As a result of the booklet's success, the authors—now a core group of twelve women—formed the non-profit Boston Women's Health Book Collective (BWHBC) in 1972 (rebranded the "Our Bodies Ourselves" collective in 2002) and prepared a mass-market print edition.[9] The book was expanded to 276 pages; retitled Our Bodies, Ourselves: A Book by and for Women; and published by Simon & Schuster in March 1973. As a precondition of working with the publishing company, BWHBC members stipulated they must retain complete control of the book's contents, they must have a woman editor, and non-profit clinics must be able to purchase copies at a substantial discount.[13][20]
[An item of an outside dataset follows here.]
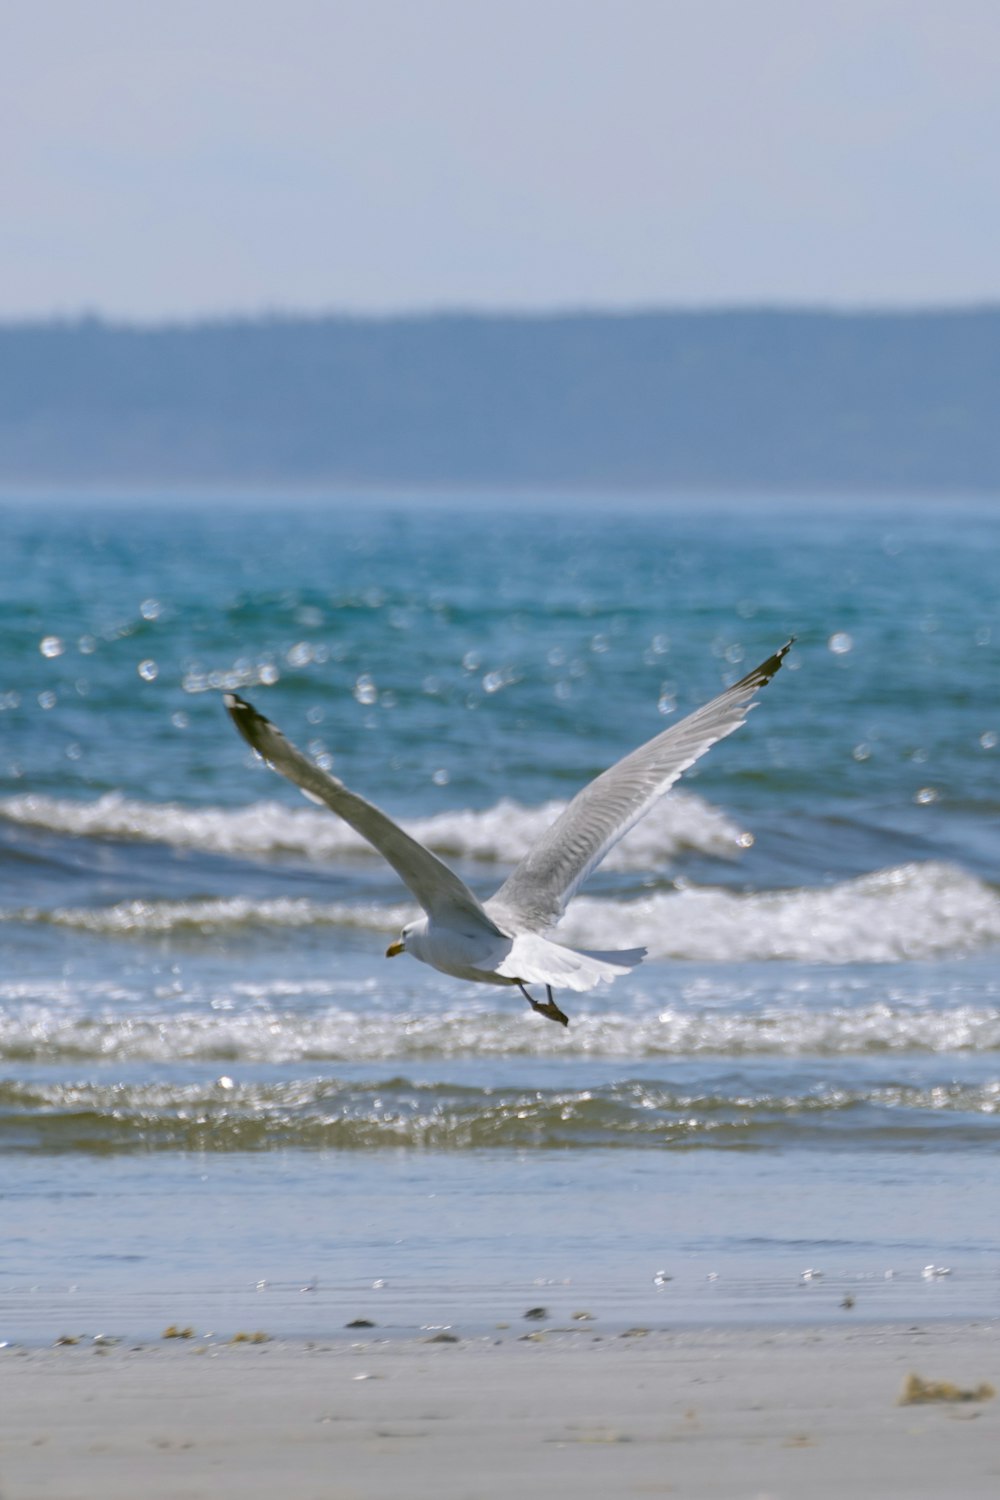 a seagull flying over the ocean on a beach

In the 1973 Preface, the authors cited four lessons learned during their research: (1) that it was important to supplement medical facts with personal experiences, how the latter could enrich knowledge of women's bodies; (2) that possessing basic information was liberating; it meant women were "better prepared to evaluate the institutions that are supposed to meet our health needs"; (3) that they were combating an ignorance which plagued women for centuries and "had one major consequence—pregnancy. Until very recently pregnancies were all but inevitable, biology was our destiny"; (4) that "body education is core education. Our bodies are the physical bases from which we move out into the world; ignorance, uncertainty—even, at worst, shame—about our physical selves create in us an alienation from ourselves that keeps us from being the whole people that we could be."[16] OBOS featured first-person stories from women, and tackled many topics then regarded as taboo. The book's publication is considered a foundational event in the women's health movement in the U.S.[21]
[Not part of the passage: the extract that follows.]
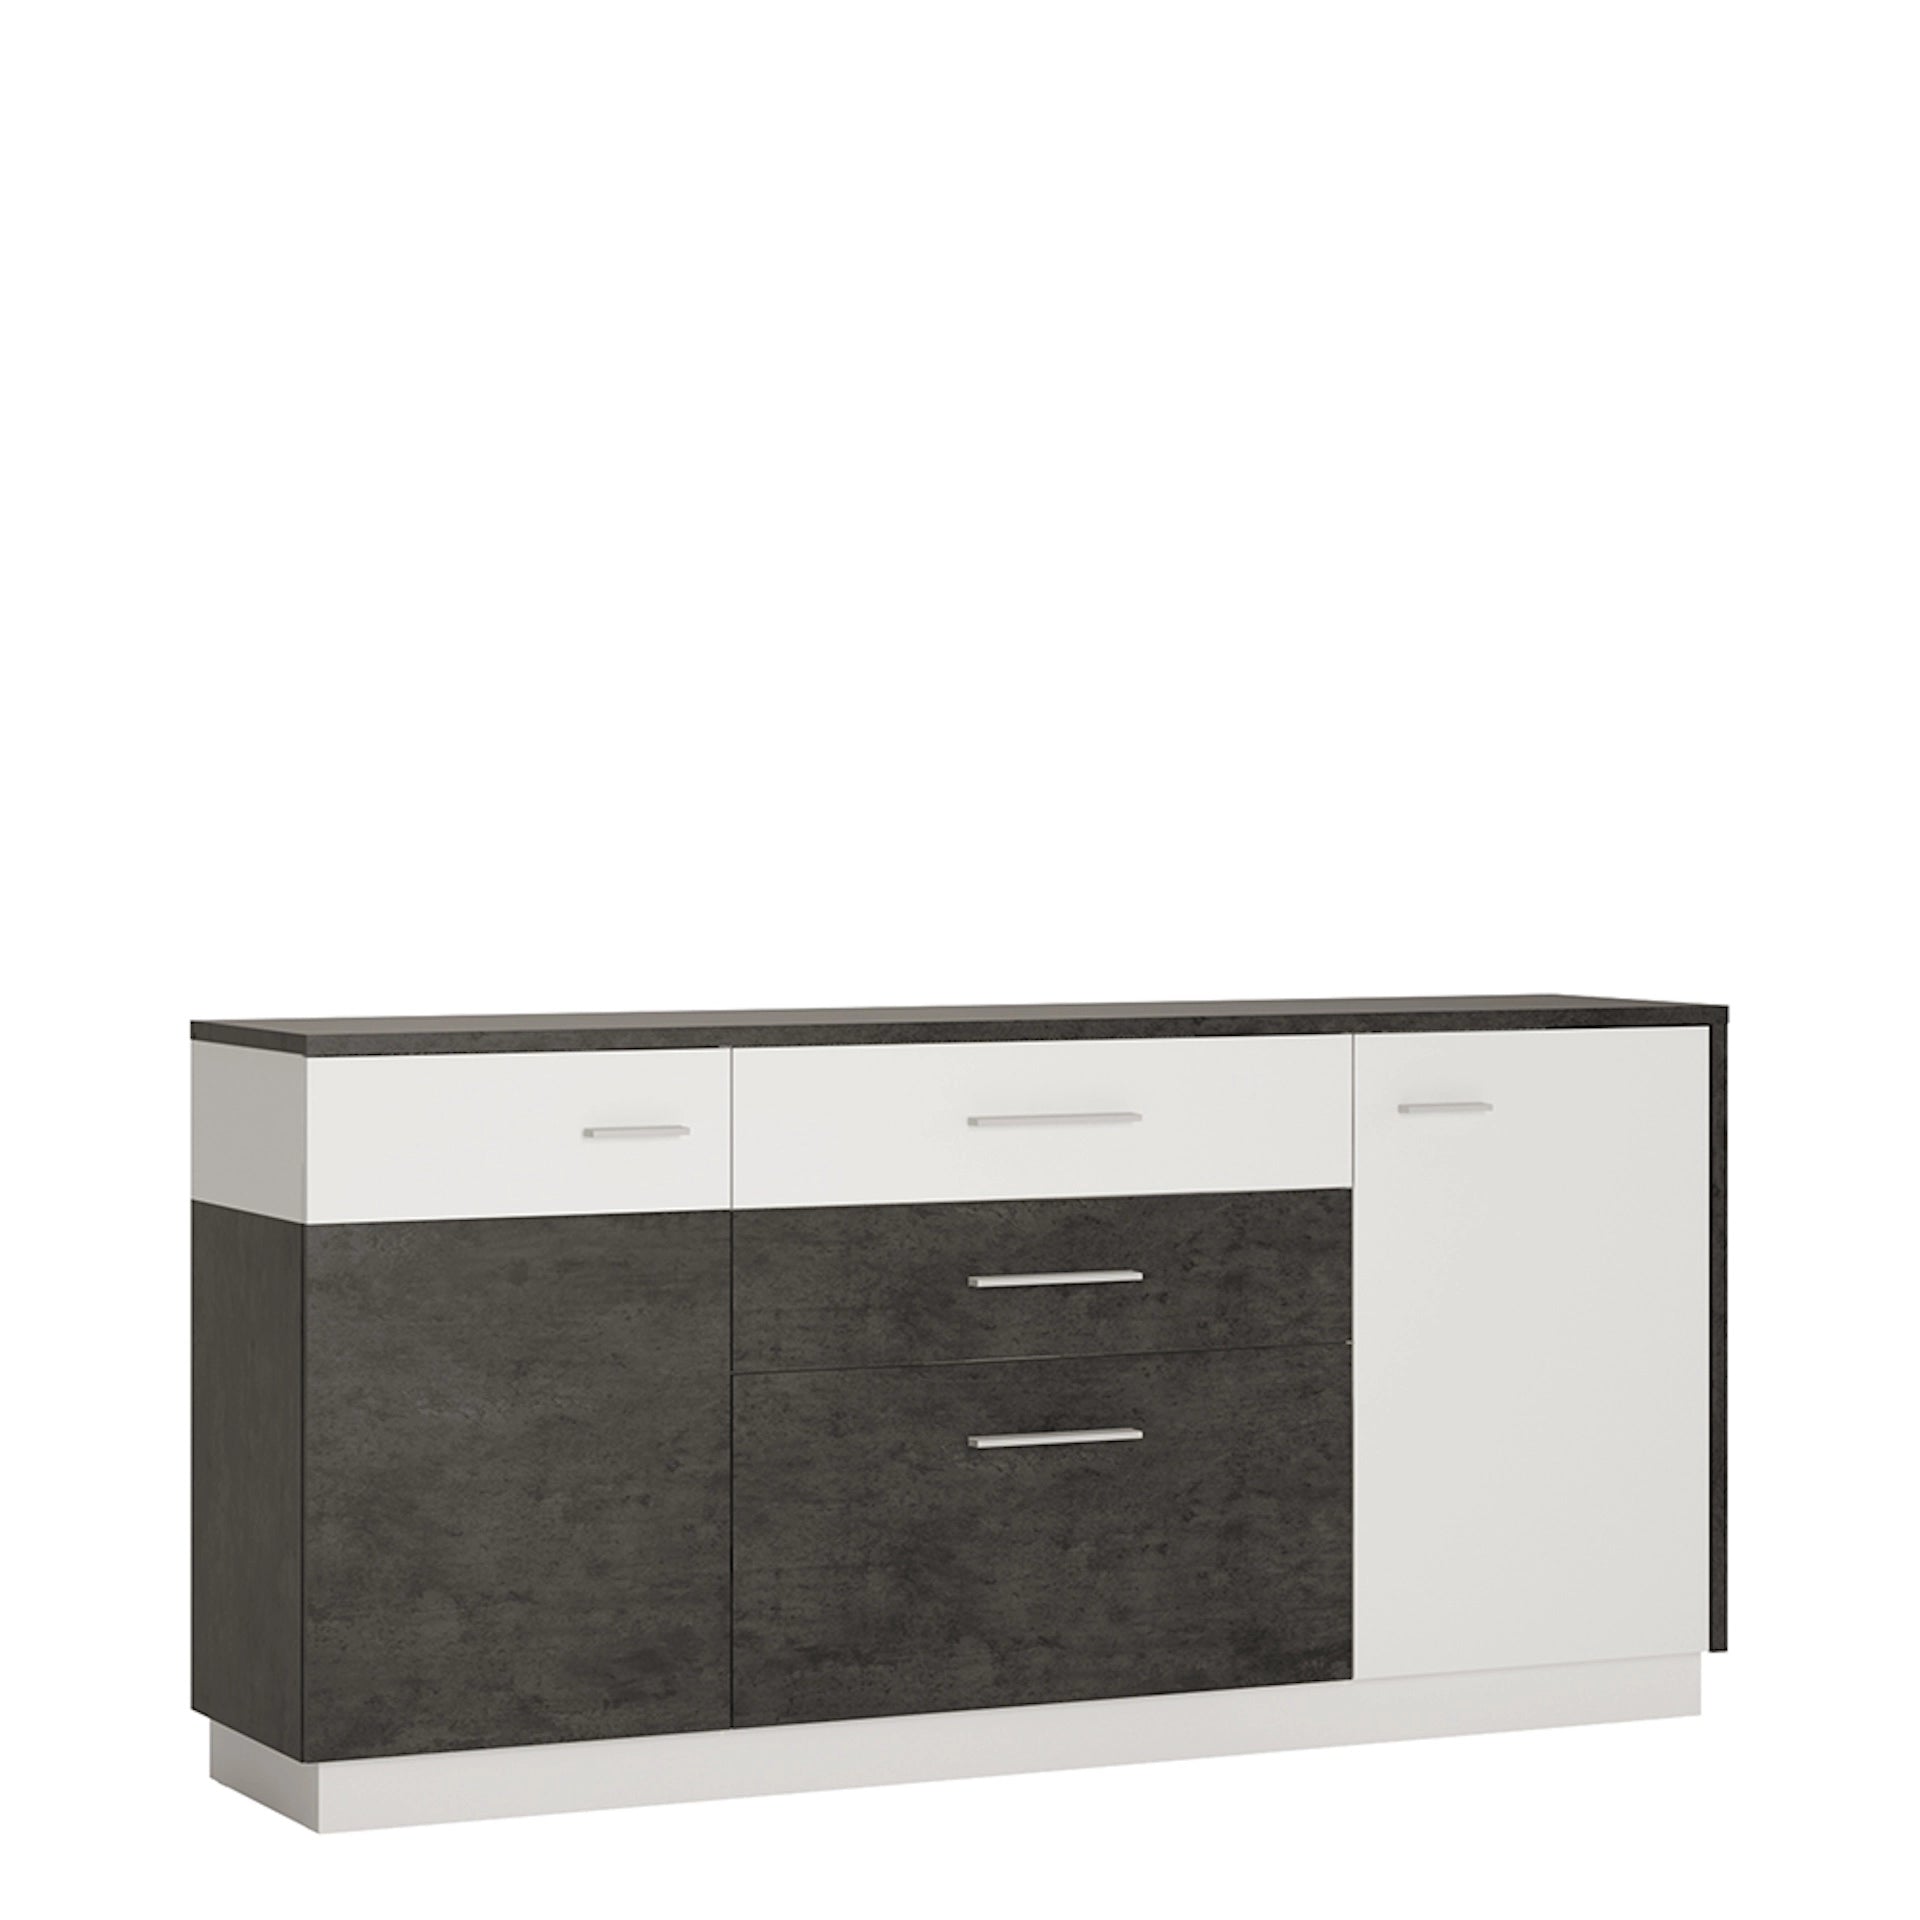 Furniture To Go Zingaro 2 Door 2 Drawer 1 Compartment Sideboard in Grey & White

The BWHBC was approached by women in other countries who wanted to translate OBOS.[10] Dagmar Schultz brought a copy to Germany in the early 1970s, where it was translated and quickly had an impact;[22] the first women's health center was founded in West Berlin in 1973 and still exists today.[23] BWHBC members initiated the Spanish translation themselves, self-publishing Nuestros Cuerpos, Nuestras Vidas in 1977. But they soon recognized the limitations of verbatim translation, how "aspects of the book that were culturally appropriate for the original US readers did not always make sense in other contexts."[10] In the 1980s, a BWHBC-affiliated group named Amigas Latinas en Accion pro-Salud began working on a new Spanish-language cultural adaptation of OBOS that would better reflect their experiences. It was published in 2000.[10]
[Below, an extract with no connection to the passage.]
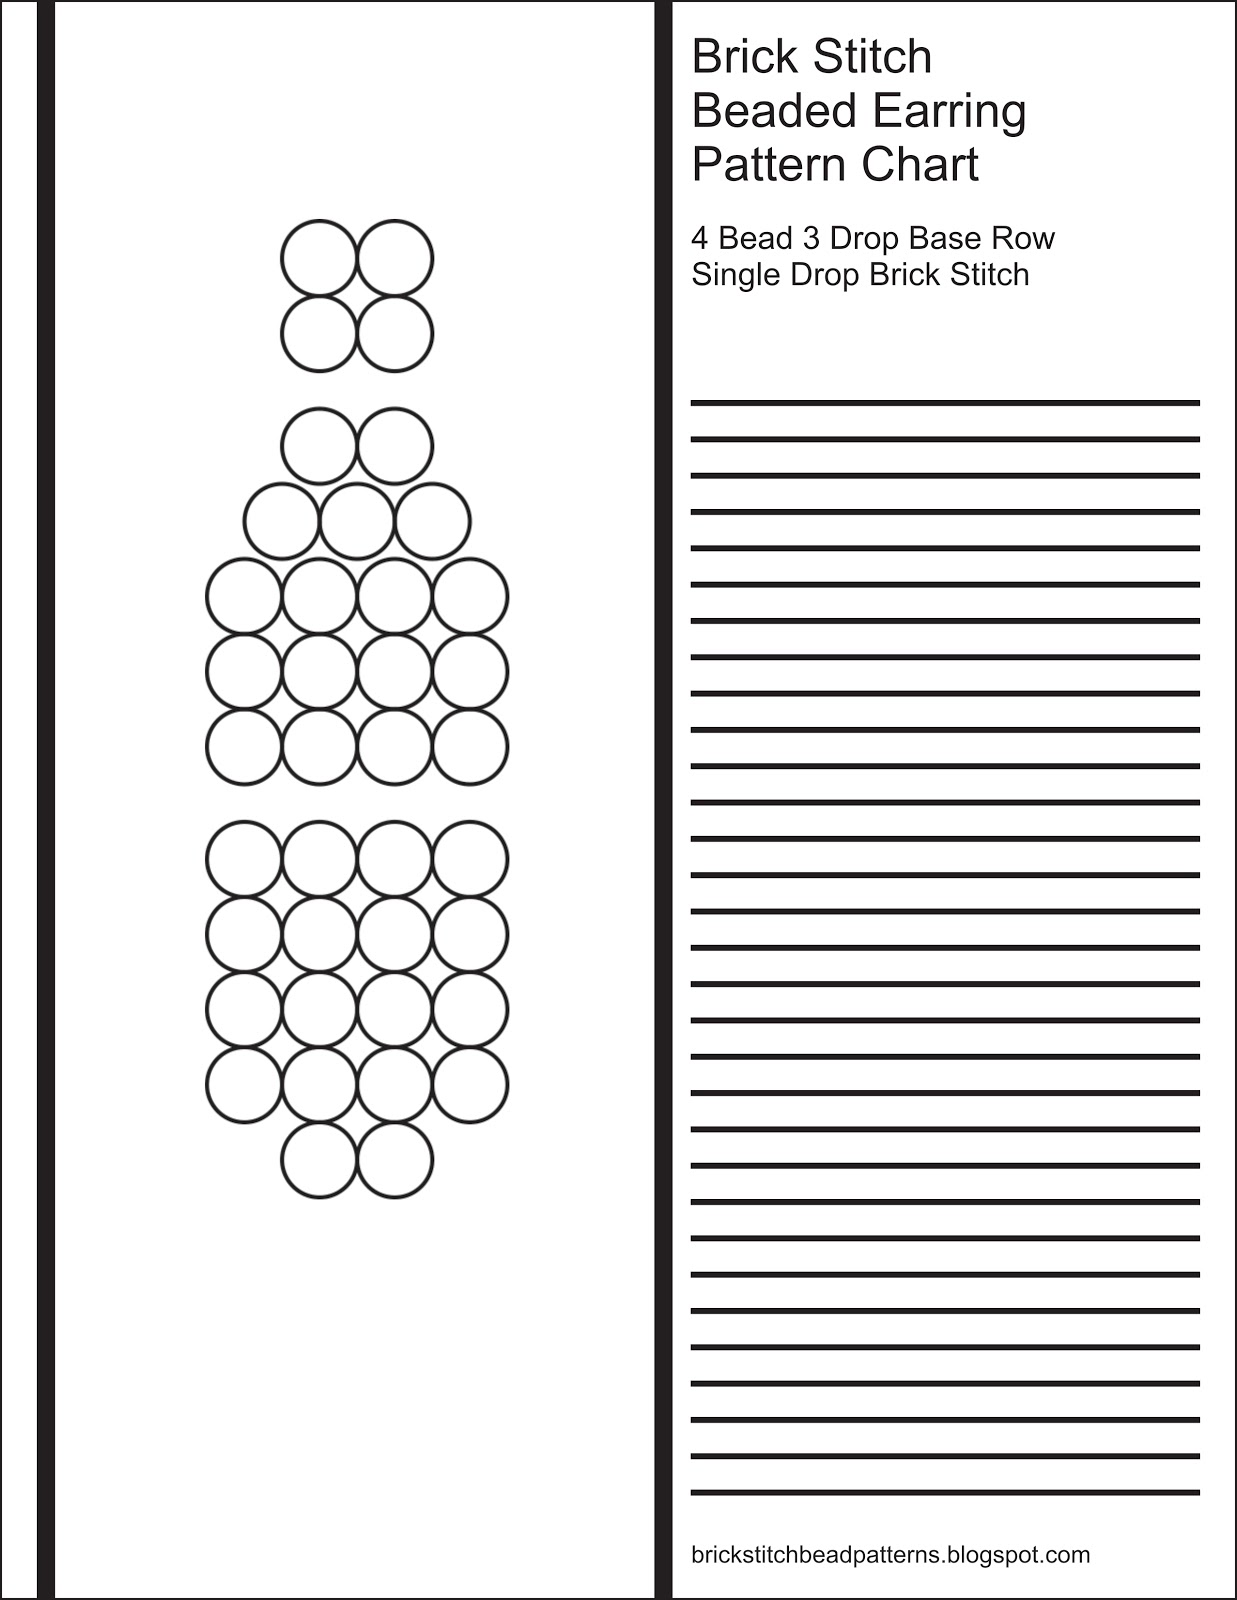 brick-stitch-bead-patterns-journal-4-bead-3-drop-base-row-blank-beaded

After 1973, revised and expanded OBOS editions were published in 1976, 1986, 1992, 1996, 2005 and 2011. All told, it is estimated that over four million copies of the book have been sold.[24] The final print edition in 2011 covers many topics not found in the 1973 edition, and grew in length to 825 pages.[25][26]
In 2018, the Our Bodies Ourselves collective announced that due to resource constraints, it could no longer publish new print editions nor update its website with new health information.[27][28]
In 2022, the collective started a collaboration with the Center for Women's Health and Human Rights at Suffolk University and launched "Our Bodies, Ourselves Today", a website bringing health and sexuality information to women, girls, and gender-expansive people.[29]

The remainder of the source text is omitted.